Western modernity has an obsession with what I call the delusion of individualism, and it is comforting to a lot of people to think that they’re in control of their own lives, so that they are the ones who are driving change, and that it’s not really up to other people. But your life unfolds the way you want it to. Or if you’re a politician, that you can control the way the economy is going to work out or the way the election is going to turn out.
Now, the problem with this is that there’s a lot of different ways about thinking of the world, and one of them is eastern philosophy. Which thinks a lot more about the intersections between people and the relational idea of how we’re all connected. Now, I think this is scientific fact. I think we are all connected and we pretend otherwise.
There’s a story that’s sort of a strange story that I saw in the in the press while I was researching “Fluke” about a person who went swimming off the coast of Greece, a man named Ivan. And Ivan goes out into the sea, and he’s not the best swimmer. Resulting in a riptide basically sucks him out into the ocean.

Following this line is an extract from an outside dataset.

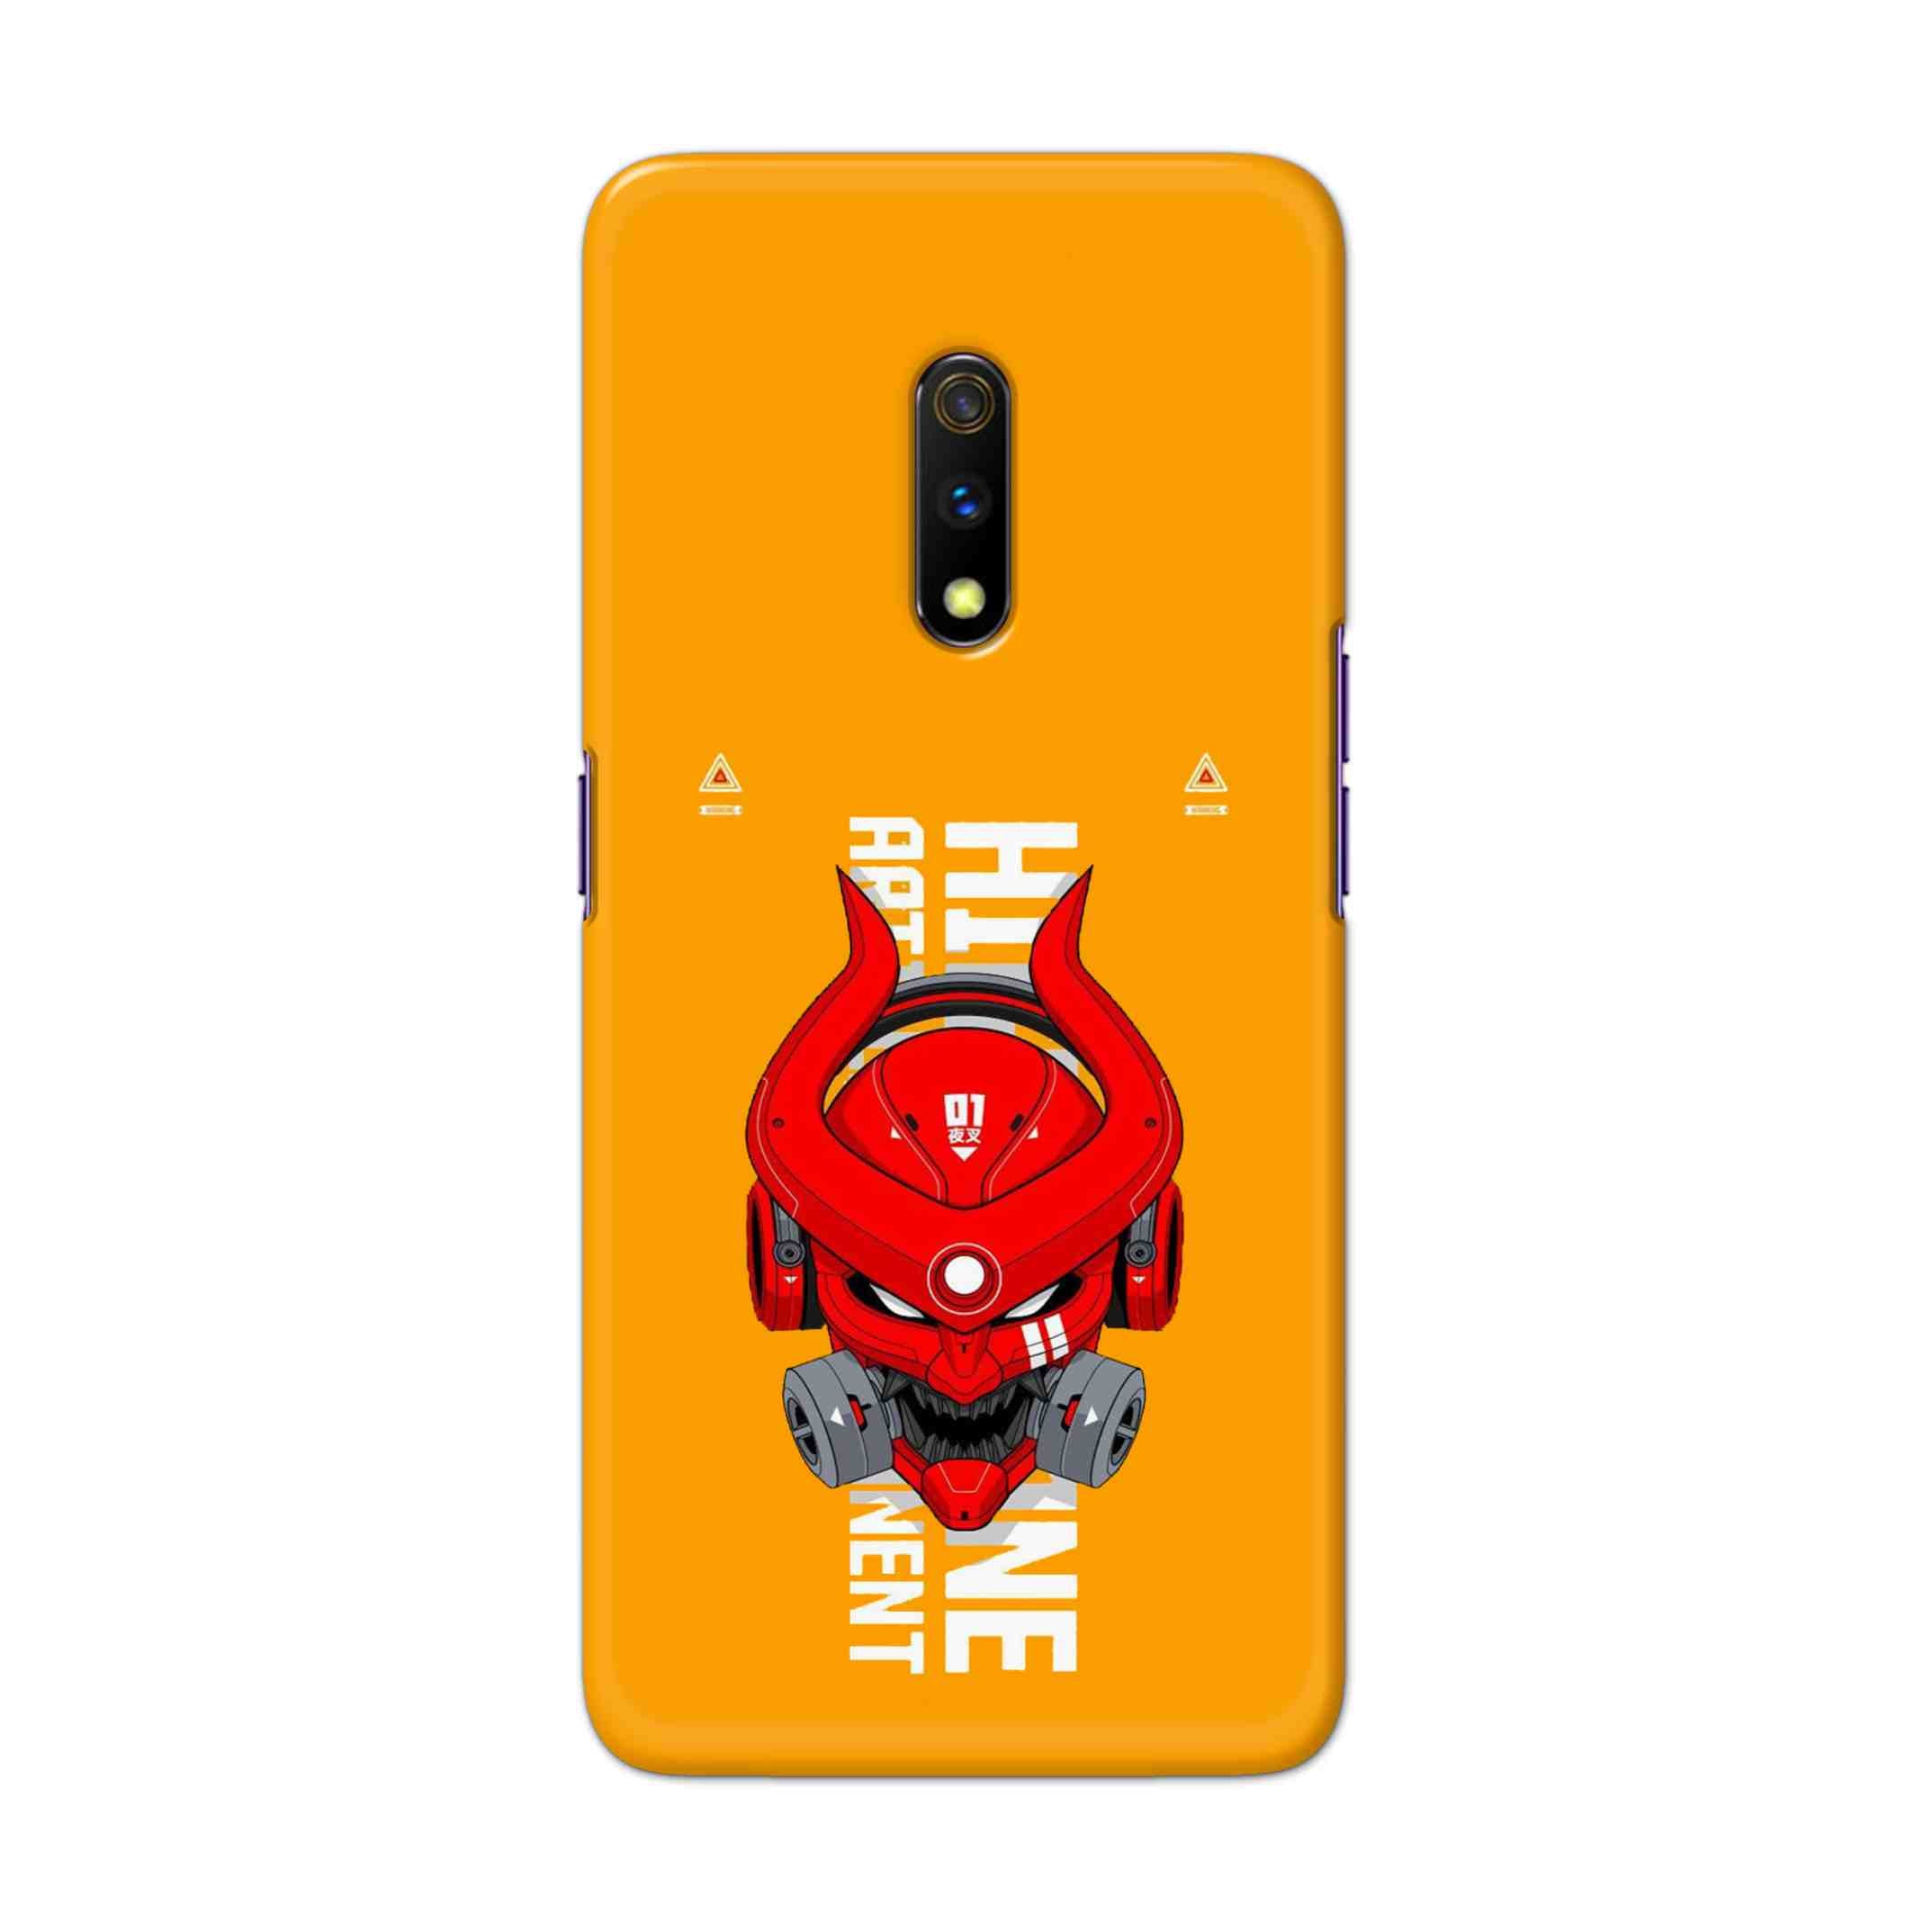 Buy Bull Skull Hard Back Mobile Phone Case Cover For Oppo Realme X Online

His friends are pretty upset about this because he disappears from sight and they can’t find him. And there’s about 24 hours where Ivan is missing at sea. We all know how these stories turn out when someone is missing at sea for 24 hours. Except for in this story, right as Ivan is about to slip beneath the waves and drown, he spots a soccer ball bobbing on the surface of the ocean.
That’s already extraordinary enough. You have this moment where he just is saved by this passing soccer ball that’s floating, and he clings to it and is eventually rescued. But the more extraordinary part of the story is that when this news made the Greek television reports, there was a woman who was watching the news. I imagined her dropping her cup of coffee or whatever as they see the soccer ball on the screen. Because she recognized the ball, and she knew that her children had been playing with that exact same ball and had accidentally kicked it off a cliff 80 miles away from where Ivan eventually intersected with the trajectory of that ball bobbing on the sea ten days later.
The point is that, the kids would look at this and they would think, oh no, we kicked the ball off the cliff. Let’s buy another ball. They would have no idea. But it turned out that that kick is what saved the life of another person who was about to drown.
Now, when you think that way, it’s extremely obvious that there’s an interconnection between those lives. The problem is that there’s not some magic that Ivan had. It’s that everybody is actually unfolding in this way, where we’re constantly being affected by the actions of people we will never see and never meet.
The extremely obvious way that we can understand this is the pandemic. From the coronavirus outbreak in 2020, where you have a single person get infected with the virus in Wuhan, China, and the lives of 8 billion people changed for many, many years and the trajectories of our lives are irrevocably changed. All of us are different because of this pandemic, and it’s from one virus infecting one person potentially thousands of miles away from where you live. And Everything in the world became different.
So this is the nature of reality, and I think it’s something that’s a coping mechanism effectively for us to just ignore the science, ignore the physics, and imagine that we are in charge. And this is where that saying that I come back to throughout “Fluke” arises, which is we control nothing, but we influence everything. And for Ivan and the soccer ball, the influence that he experienced was from a couple of kids you will never have met who saved his life.